But, seeing this thread, I decided to give it another try. I chose to listen to Jaap Ter Linden and the Mozart Akademie Amsterdam - actually, I'm listening to the first movement as I type - over my beloved Szell (whose version I've heard many times before). I actually think this symphony benefits considerably from period instruments like the version I'm hearing now. The lingering, slightly astringent flavor of the violins makes the first movement's themes much more exciting in my opinion. And, this performance so far is very lively with the brass and percussion punctuating the phrases with a kind of crisp decisiveness I'm not used to.

Now, on to the second movement....After a nearly 12 minute first movement (taken with the repeat), now the second movement clocks in at over 10 minutes. For all that, it moves very nicely along. If there is one superiority of the 41st over the 39th, it's probably in this Andante Cantabile. Again, the performance suits my taste perfectly. I really like the sound. Nothing overblown or heavy - a nice, light reading.

The menuetto is also nicely done - with lilt and great definition. The trio? Good.

The final movement starts out impressively. If he can hold me through this movement, I'm going to declare it a winner. Wow, what clarity. It seems like I can hear every single instrument. Hmm..takes the repeat again. Interesting. What a difference the defined, non-boomy bass is in this movement. Oops..I think somebody went a little sharp. I can live with that. Very nice conclusion. I liked this Jupiter better than any I've heard before.

I still prefer the more engaging, less ponderous 39th, but this has given me a new feeling about the 41st. Thanks for bringing it up this way. This has been fun.
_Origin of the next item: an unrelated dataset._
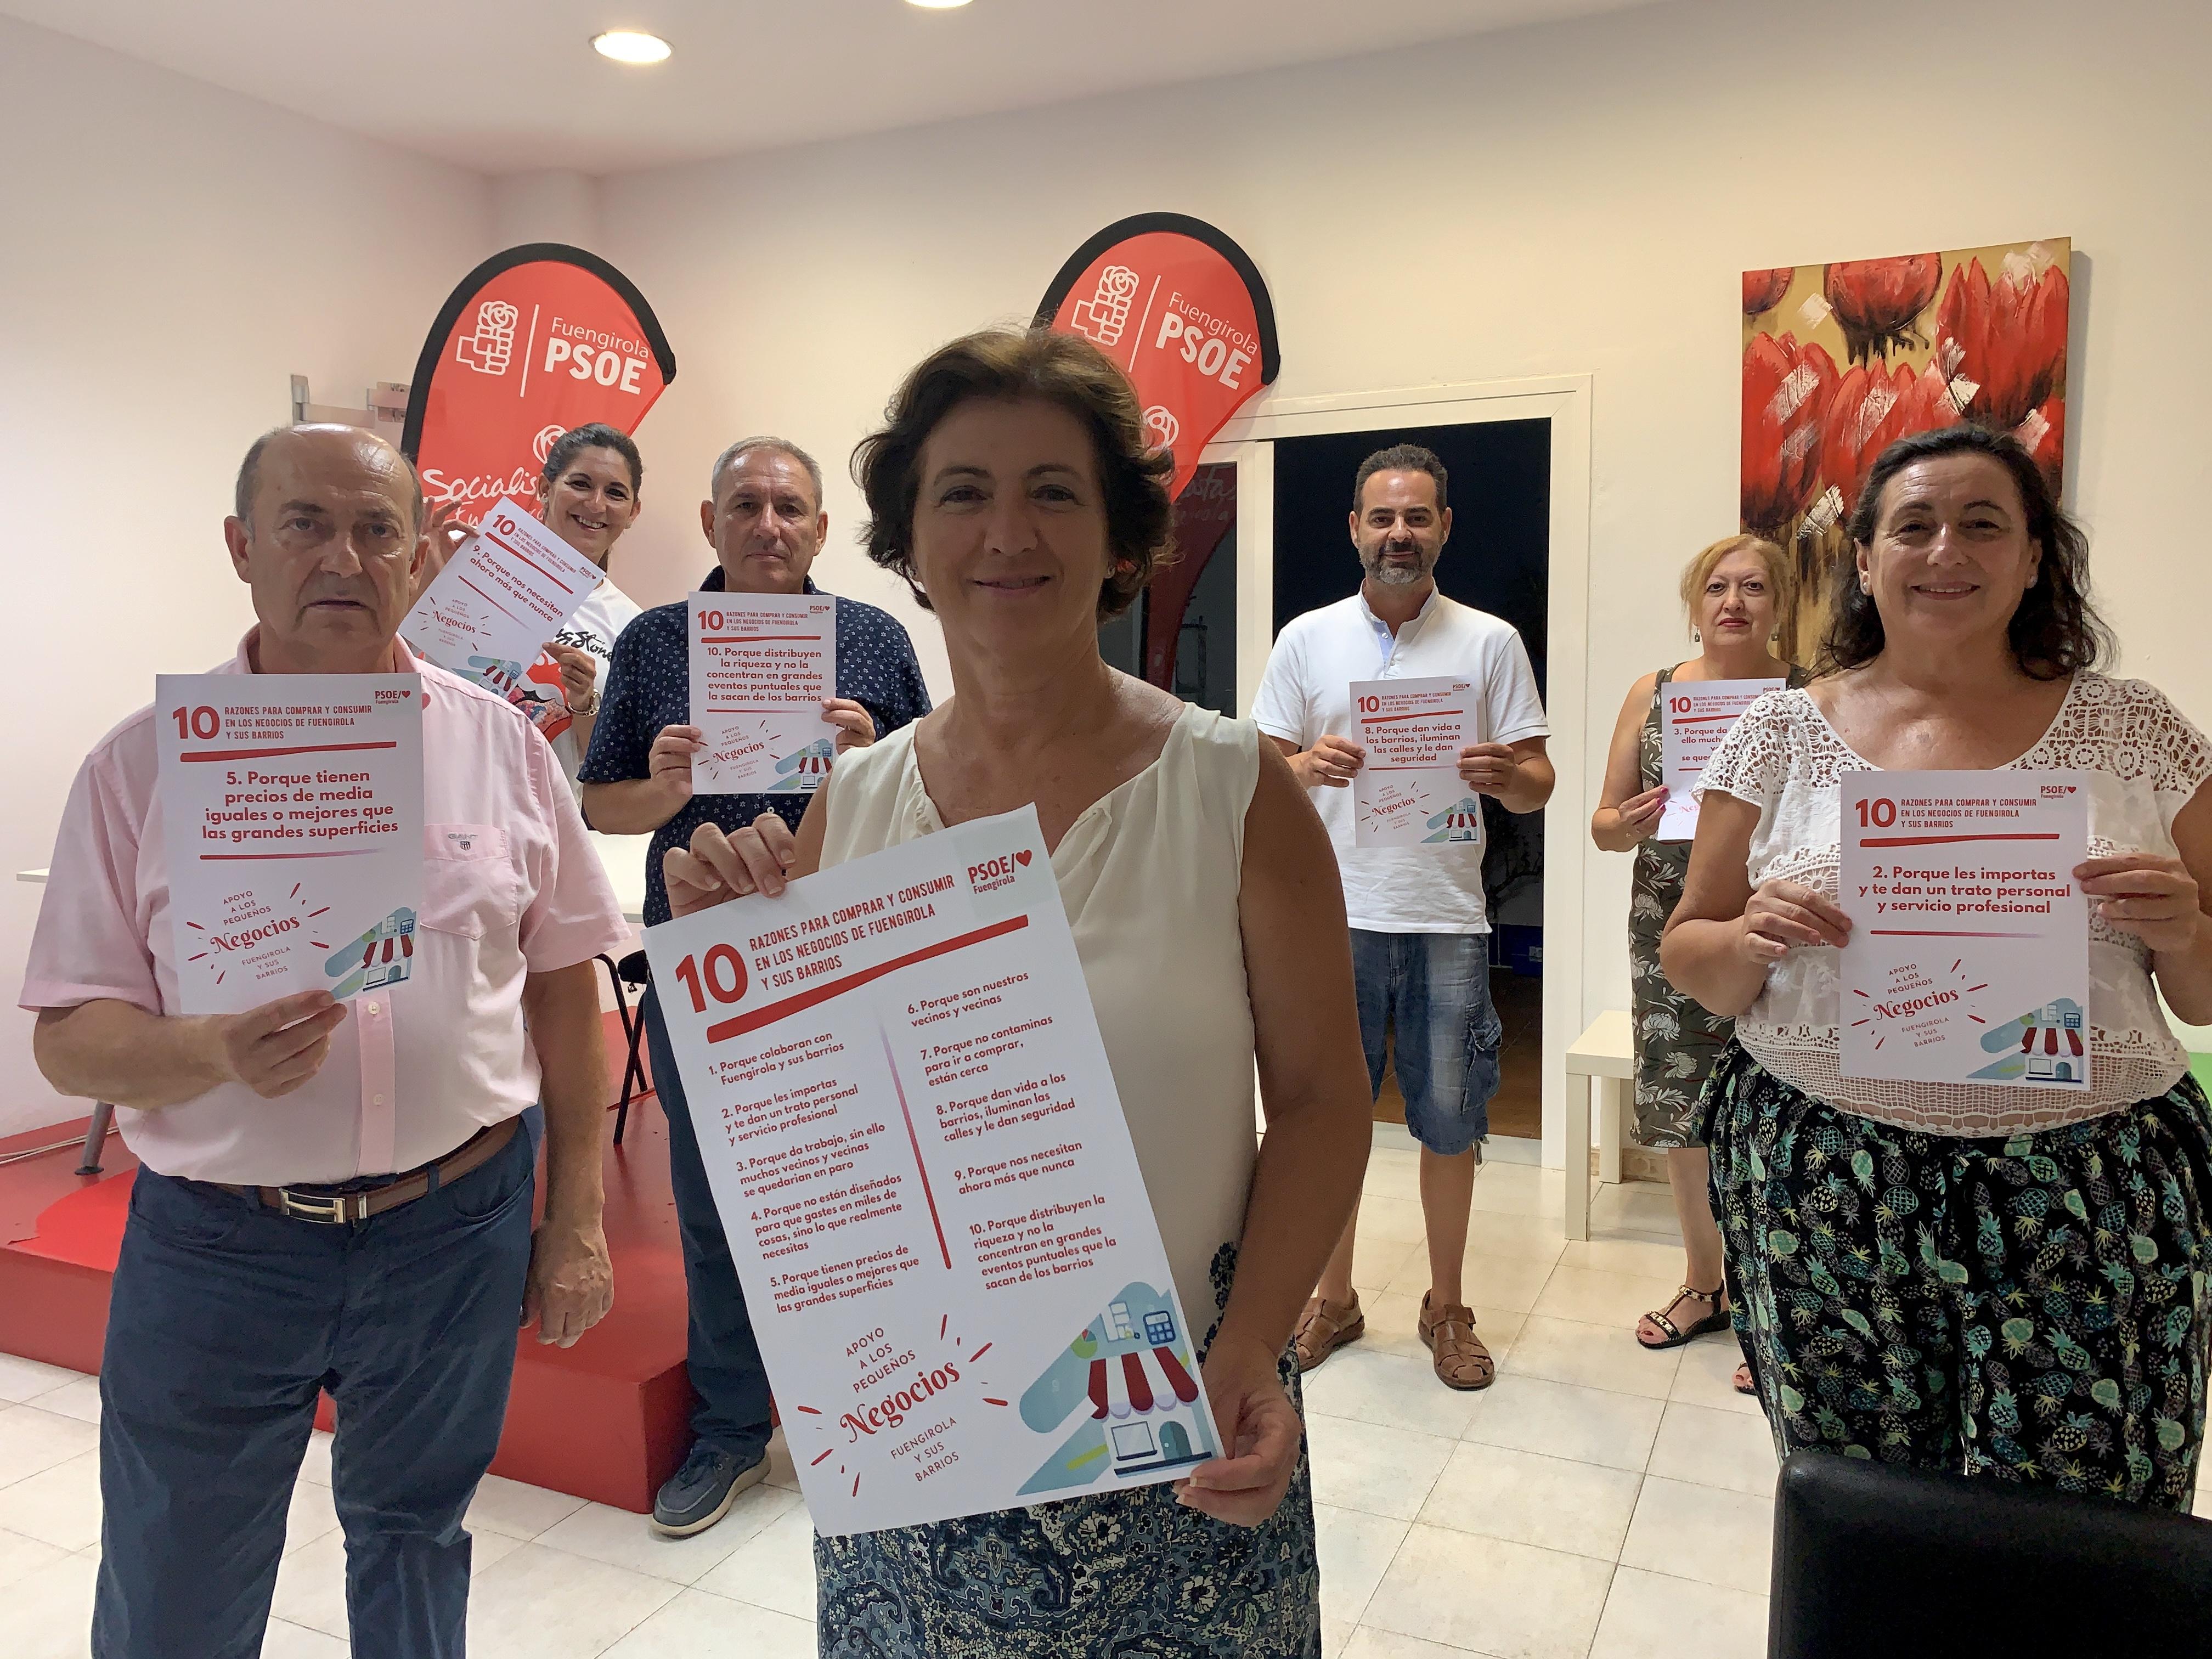 Carmen Segura junto a miembros de la CEM con las propuestas en apoyo al pequeño comercio

(Sorry CoAG, for adding on to my post after you gave it a like. You may not have liked the second part. I just didn't want to take up two spots for my comments.)


----------



## realdealblues (Mar 3, 2010)

I re-listened to George Szell's classic recording this morning for the first time in a few years. Szell always seems to have such energy in his recordings. Even though he wasn't exactly a young man when he was making his "famous" recordings, he never seemed to lose that air of excitement and wonder. I wish he had recorded more of Mozart's symphonies. I'd have loved to hear him do 25, 29 and 36. He really had a feel for Mozart in my opinion.
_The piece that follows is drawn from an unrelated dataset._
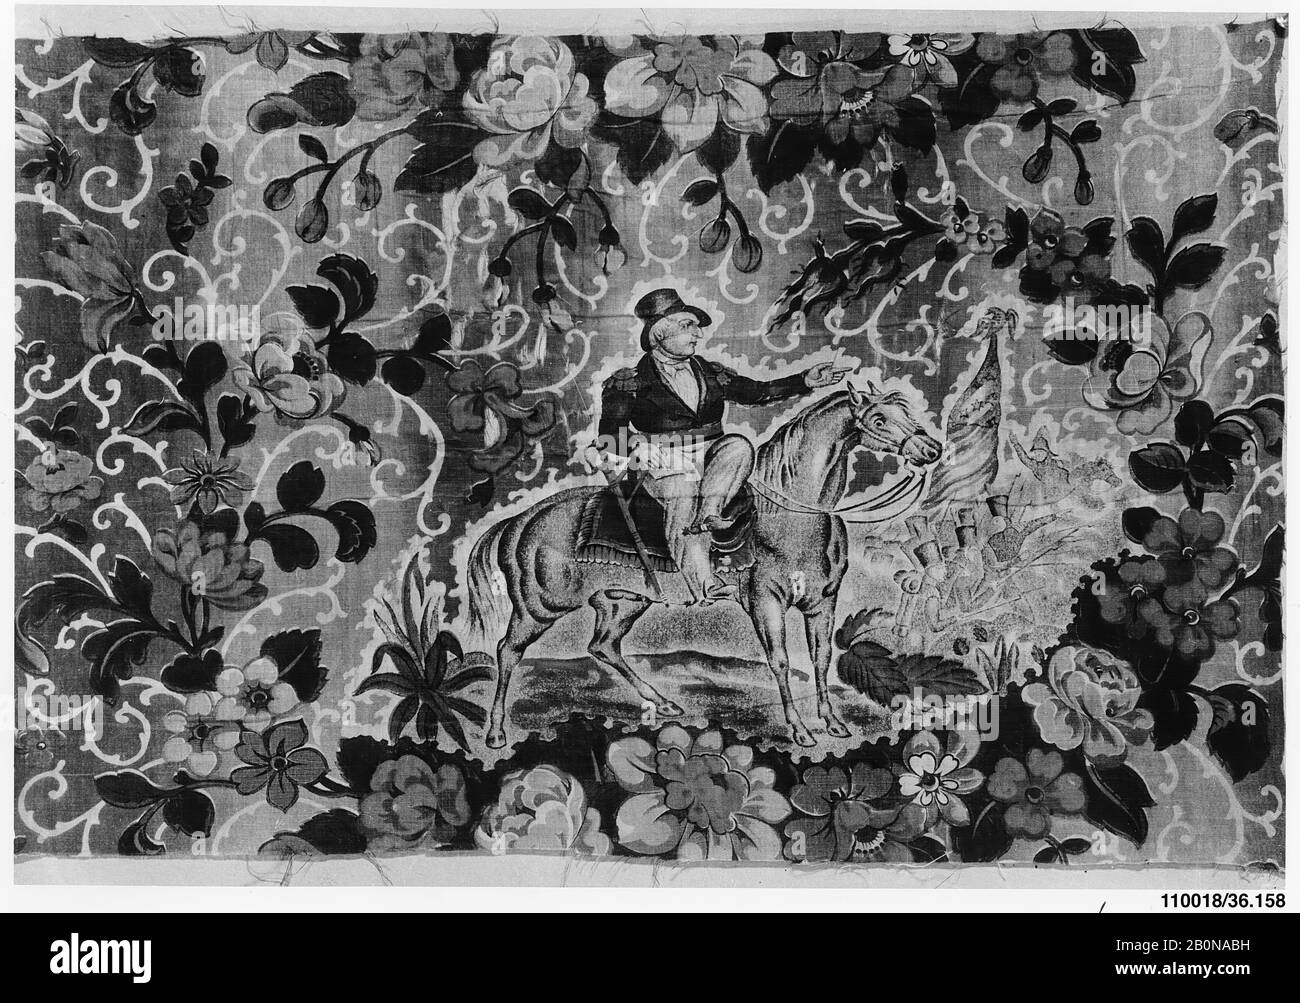 Pieza, americana, ca. 1846–48, norteamericano, algodón, grabado, estampado con rodillos, 25 x 16 pulg. (63.5 x 40.6 cm), Textiles Foto de stock

It has been a little while since I had listened to Symphony 41. I enjoyed the symphony so much I re-listened to Bruno Walter's recording as well. Both were excellent


----------



## Bix (Aug 12, 2010)

As this symphony is essentially new to me (as I've only heard it a small number of times) I will comment on the piece itself from my personal point of view and not comment on the orchestra and conductors rendition.

Allegro vivace, 4/4
The cycle of theme, bursts/fanfare/lyric progresses and develops well technically but from a personal enjoyment point of view by the end of the series of recapitulations I found that I was bored.

Andante cantabile, 3/4 in F major
Good example of a sonata form for orchestra, parts of the cantabile were reminiscent of some Mozart operas, Don Giovanni specifically. A nice use of triple meter but as someone said previously nothing that would stick in my head after a listening.
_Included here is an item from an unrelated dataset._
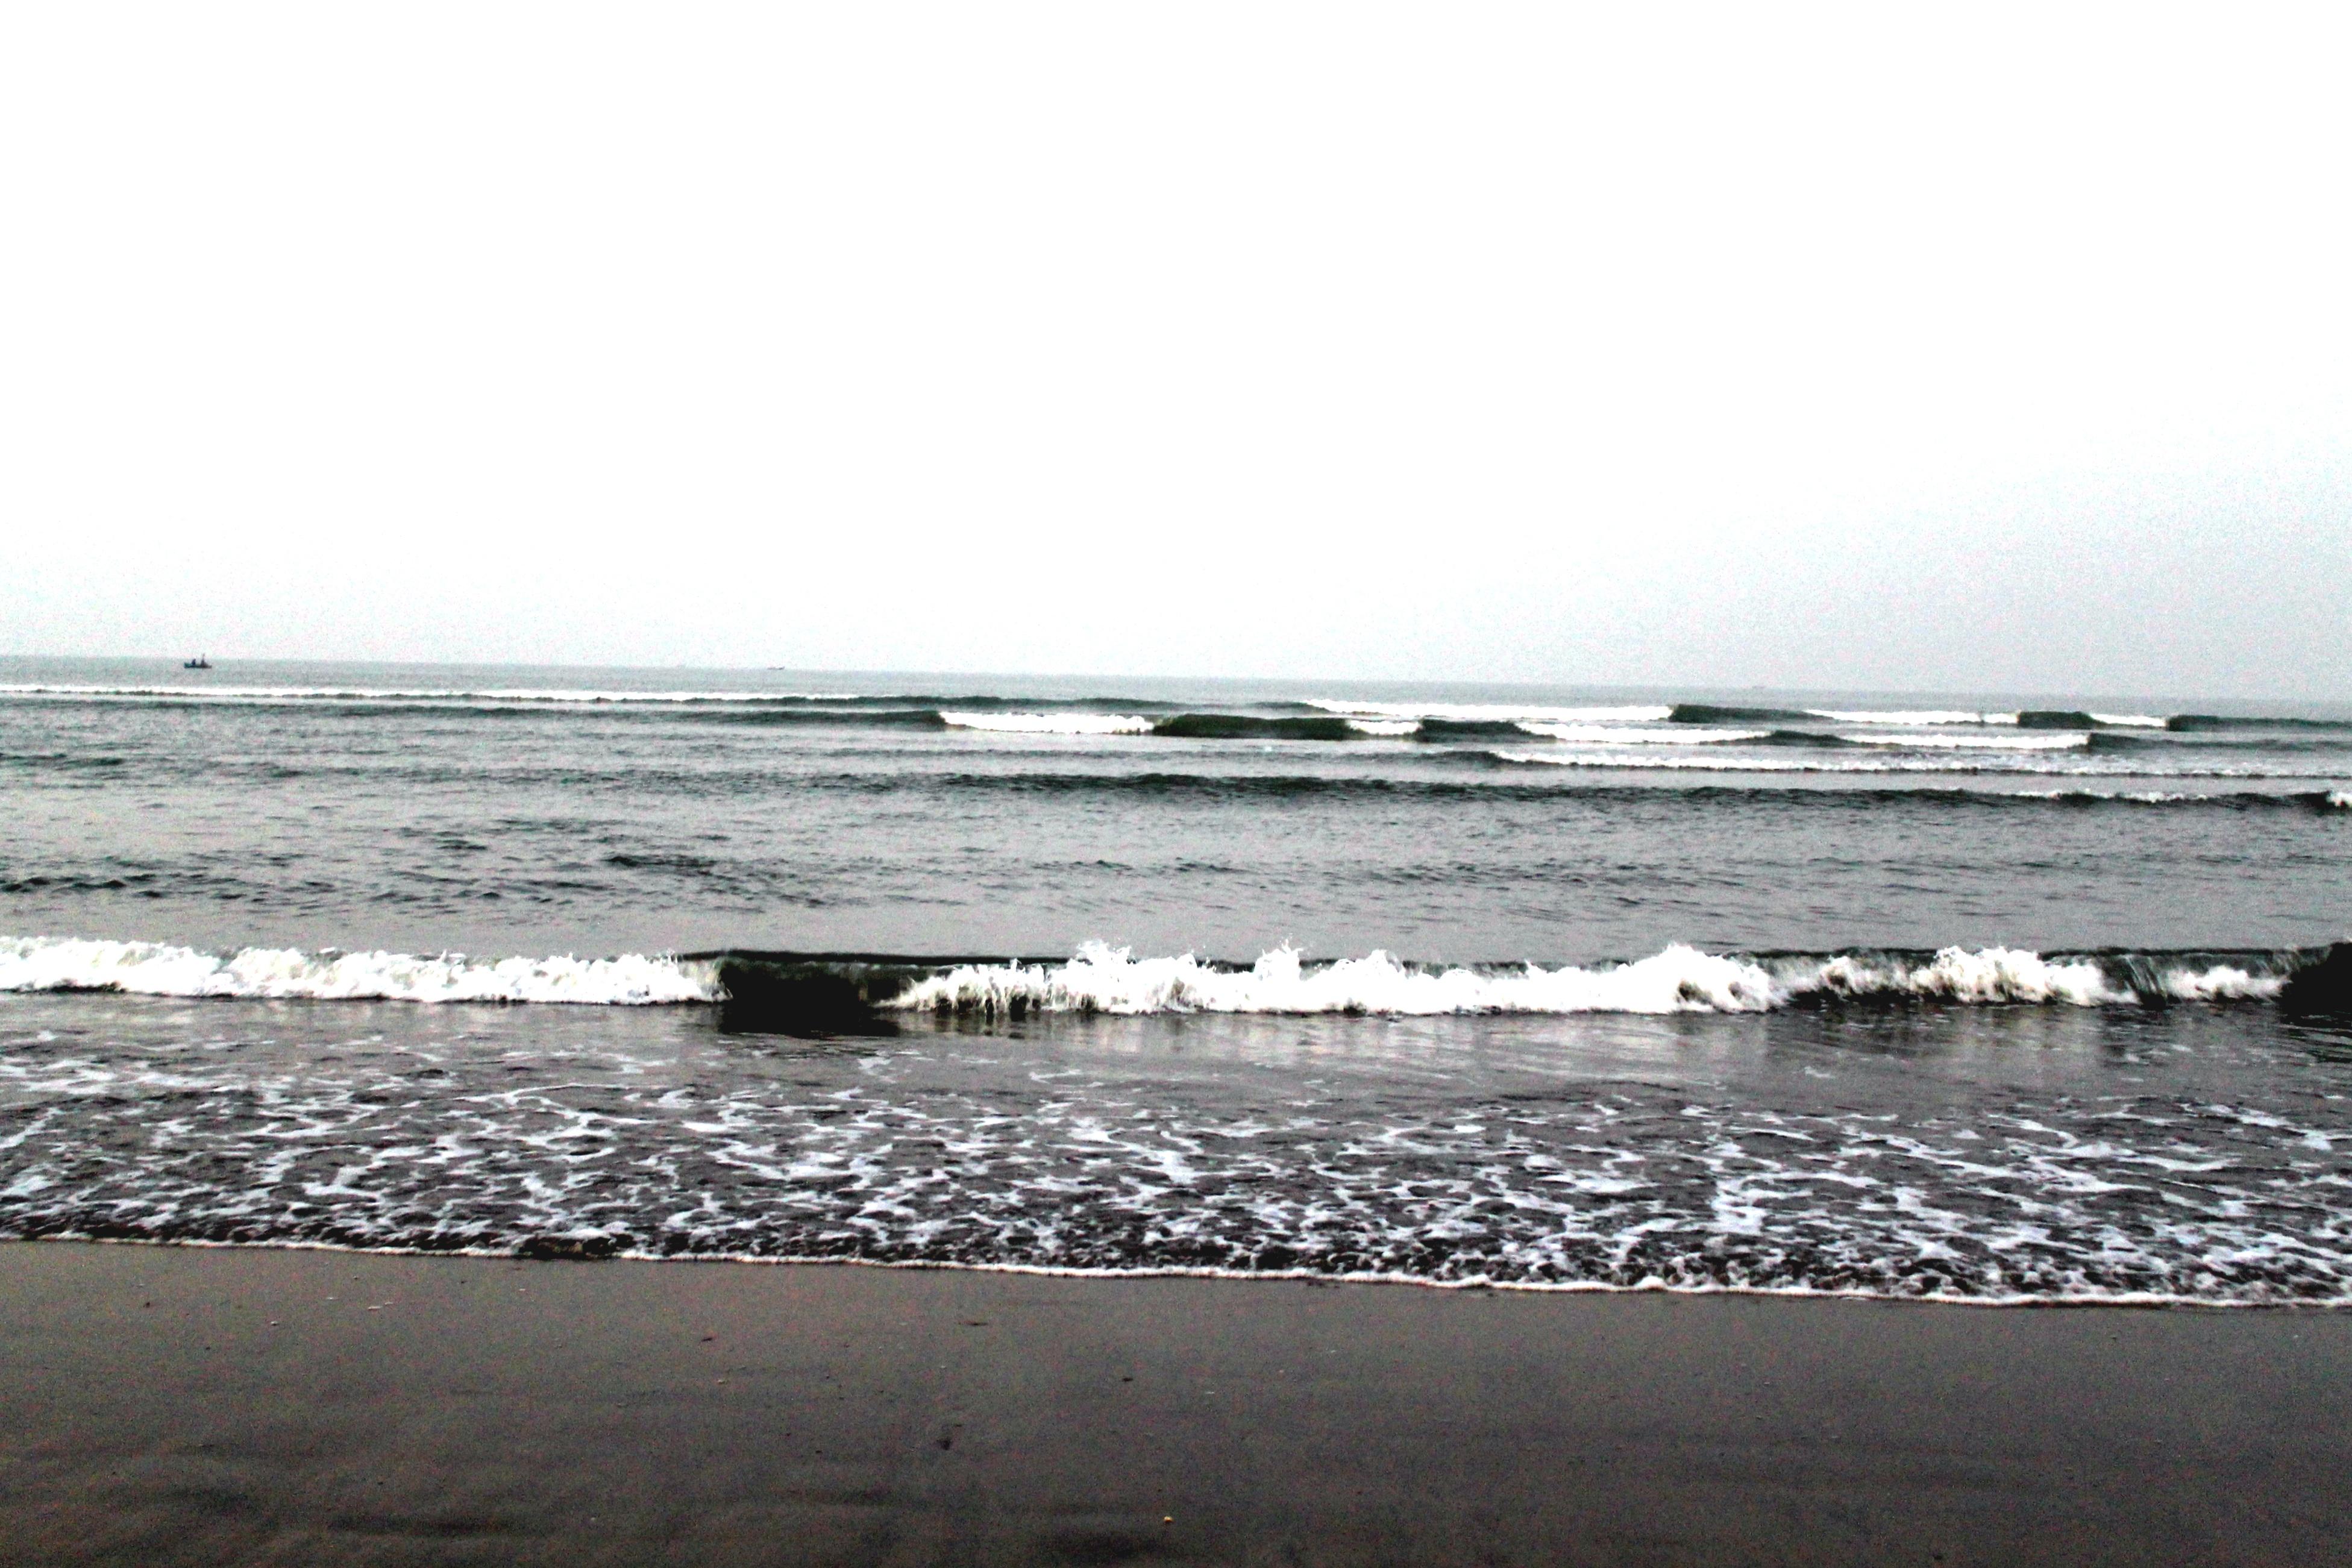 Immagini Belle Spiaggia Mare Costa Acqua Orizzonte Puntellare

Menuetto: Allegretto - Trio, 3/4
Strangely enough, for the more conventional movement, this this sticks in my mind more. I not overly fond of it but its good to be able to remember some parts of piece you have just listened to.

Molto allegro, 2/2
To me in this part came some redemption - again a good example of a sonata with five minter woven fugues, just genius.

All in all I'm not sure about the symphony and Mozart as a combination but I haven't listened to enough of them to fully comment - I love Mozart's piano works, operas etc but I will listen to them as they come up in this Saturday ritual.


----------



## Vesteralen (Jul 14, 2011)

Bix/ said:


> All in all I'm not sure about the symphony and Mozart as a combination but I haven't listened to enough of them to fully comment - I love Mozart's piano works, operas etc but I will listen to them as they come up in this Saturday ritual.


Box - I encourage you to try the 39th sometime, but be careful what performance you listen to. I strongly recommend Szell or the new one by Abaddo.


----------



## schuberkovich (Apr 7, 2013)

I was also relatively new to the symphony, so I can't really comment on how Bernstein's performances compares to others. I did notice that he made the symphony sound very romantic, especially in the opening rising violin parts.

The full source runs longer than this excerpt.